For a given two strings S and T, both of length N, the task is to answer Q queries.

Let \(S_i\) be the \(i^{th}\) letter of S, so \(S_1\) is the first letter of S. Moreover, let \(S_{i, j}\) denote the substring of S starting with \(S_i\) and ending in \(S_j\). \(T_{i, j}\) is defined analogously. For example, if \(S = abba\), then \(S_{2,4} = bba\). Each given query consists of 5 integers \(K, a, b, c, d\). The answer to the query is \(\texttt{YES}\) if and only if substring \(S_{a, b}\) can be obtained from substring \(T_{c, d}\) by using at most K swaps adjacent letters of \(T_{c,d}\). Otherwise the answer is \(\texttt{NO}\). More formally, a single swap of adjacent letters in T is replacing simultaneously \(T_i\) with \(T_j\) and \(T_j\) with \(T_i\) for \(j = i + 1\), where \(1 \leq i \leq |T| - 1\).
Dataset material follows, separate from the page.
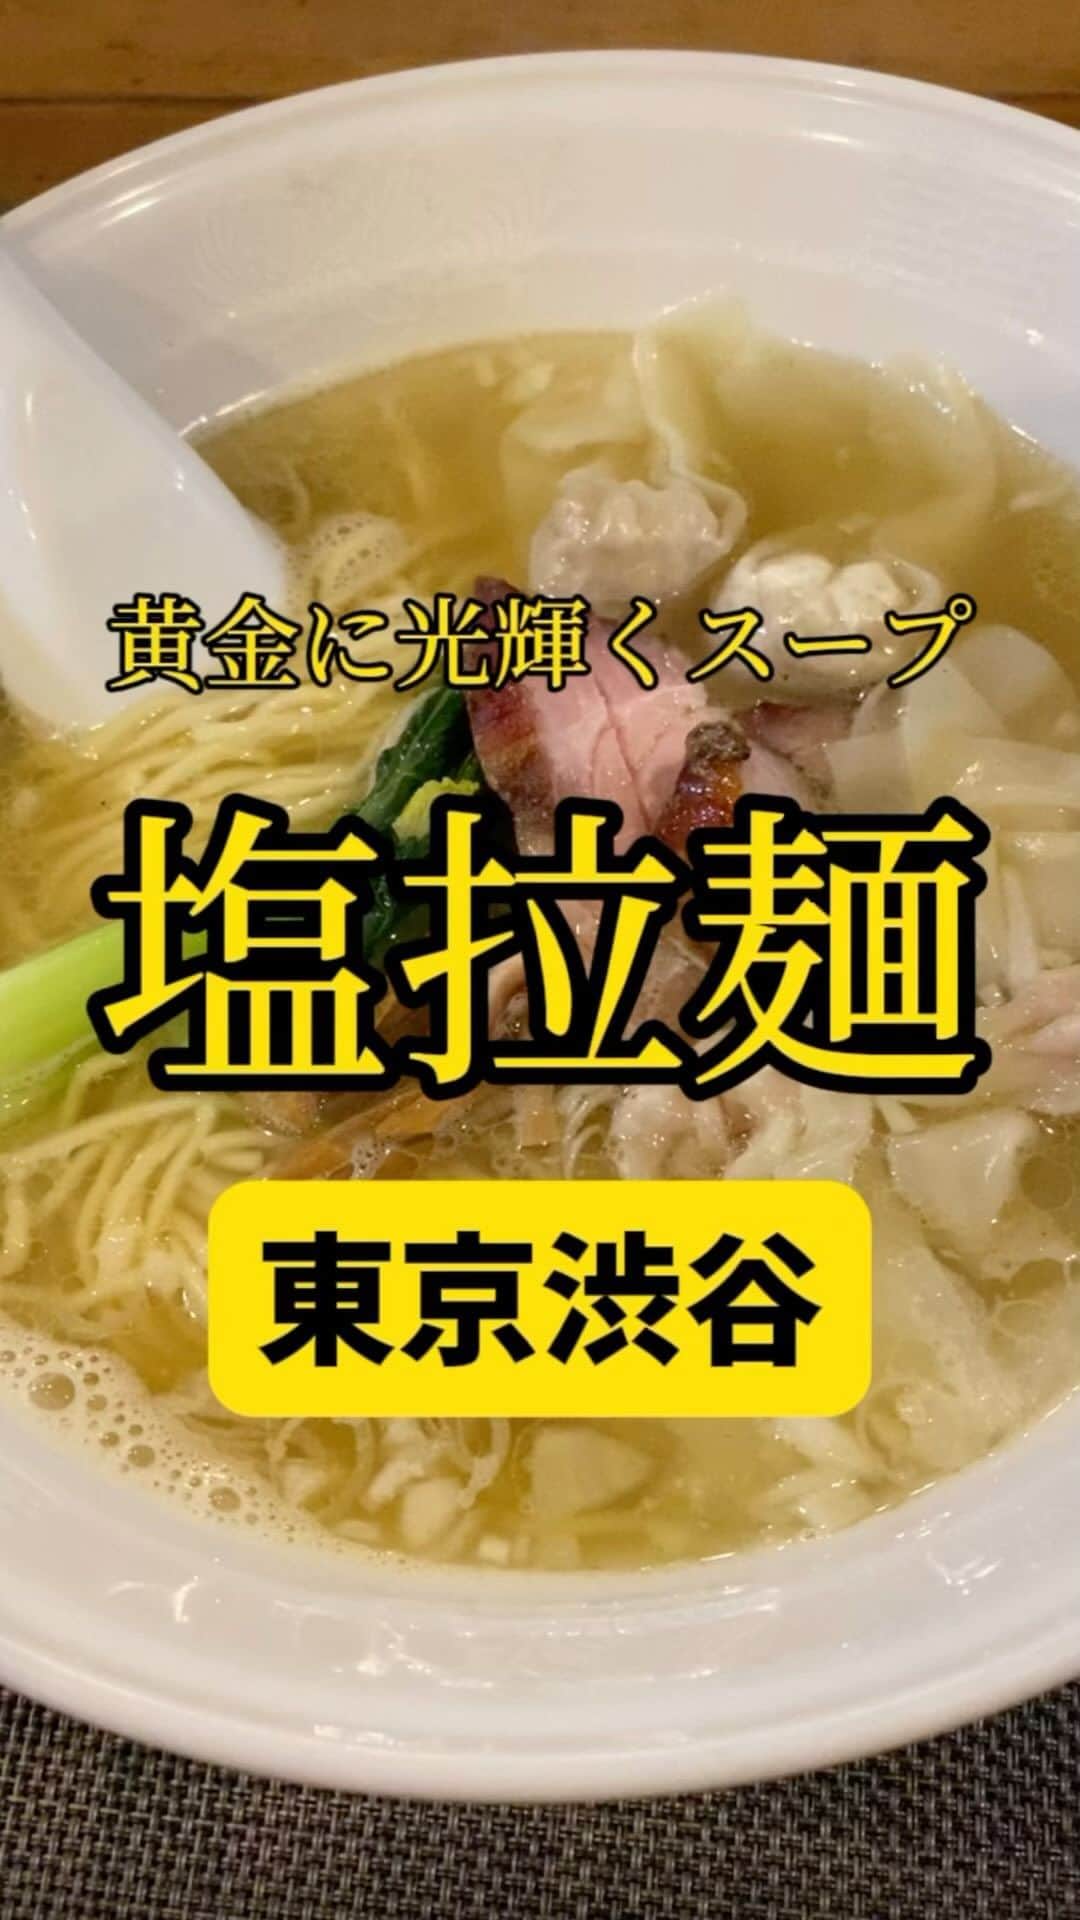 Mr.FISHEYE/魚眼男のインスタグラム：「スープが黄金に光り輝く塩ラーメン🍜東京/渋谷「らーめん 穀雨」  (美味しいお店など情報をなるべく早めに紹介するので @ryo_onoma をお願いします🙇‍♂️)  渋谷で塩ラーメンを食べるならここを挙げる。他があれば教えて欲しい。切実に知りたい。ただそこのお店がここのお店より美味しいか、自信を持って言えるか、聞きたい。結構難しいと思う。渋谷でよく行く麺類系のお店は道玄坂マンモスであそこは味のブレが本当になくてよく行く、特に辛つけ麺は秀逸だと思う。あのつけ麺スープは最初から辛いのを想定していると思うくらい辛い味付けに合っている。何か話が逸れすぎてしまった。ガッツリ食いたい時は道玄坂マンモス、身体に優しくさっぱり食いたいい時はこのらーめん 穀雨に行く。２大巨頭。いつもは醤油だがこの日は歯のこともあり塩。しかし最近醤油よりも塩の気分な時が多い。そういう時ないか。  【らーめん 穀雨】 📍東京都渋谷区桜丘町29-5 石島ビル 1F 📲03-3770-7709 🈺[月～金]12:00～15:00(L.O.)、18:00～20:00(L.O.) [土]12:00～15:00(L.O.) 定休日：第1・3土曜日、日曜日、祝日 🚶‍♂️渋谷駅から406m 🗒️頼んだメニュー：塩ラーメンワンタン5個  #渋谷グルメ #渋谷ランチ #渋谷ディナー #塩ラーメン #ラーメン #ラーメン屋 #ラーメン部 #ラーメンインスタグラマー #ラーメン倶楽部 #ラーメンパトロール #ラーメン大好き #ラーメン好きな人と繋がりたい #ラーメン巡り #ラーメン好き #らーめん #らーめん部 #らーめん大好き #らーめん好きな人と繋がりたい #ワンタン」

For example if \(S = abbab\) and \(T = ababa\), then \(S_{1, 3} = abb\) can be obtained from \(T_{2, 4} = bab\) using a single swap. Moreover, if \(S = abcab\) and \(T = abcab\), then \(S_{1, 3} = abc\) can be obtained from \(T_{3, 5} = cab\) using 2 swaps (first we can swap c with a and then c with b). Notice that this cannot be done using less than 2 swaps.

Input Format:

In the first line there is a single string S. In the second line there is a single string T. In the third line, there is a single integer Q denoting the number of queries to handle. Each of the following Q lines corresponds to a single query. In the \(i^{th}\) of them, there are 5 space separated integers \(K, a, b, c, d\) describing the \(i^{th}\) query.

Constraints:

\(1 \leq N \leq 10^5\)
\(1 \leq Q \leq 10^5\)
\(1 \leq a \leq b \leq N\)
\(1 \leq c \leq d \leq N\)
\(0 \leq K \leq 2\)
each letter of S is either a, b or c

Output Format:

Output exactly Q lines. In the \(i^{th}\) of them print \(\texttt{YES}\) if the answer to the \(i^{th}\) query is positive. Otherwise, print \(\texttt{NO}\).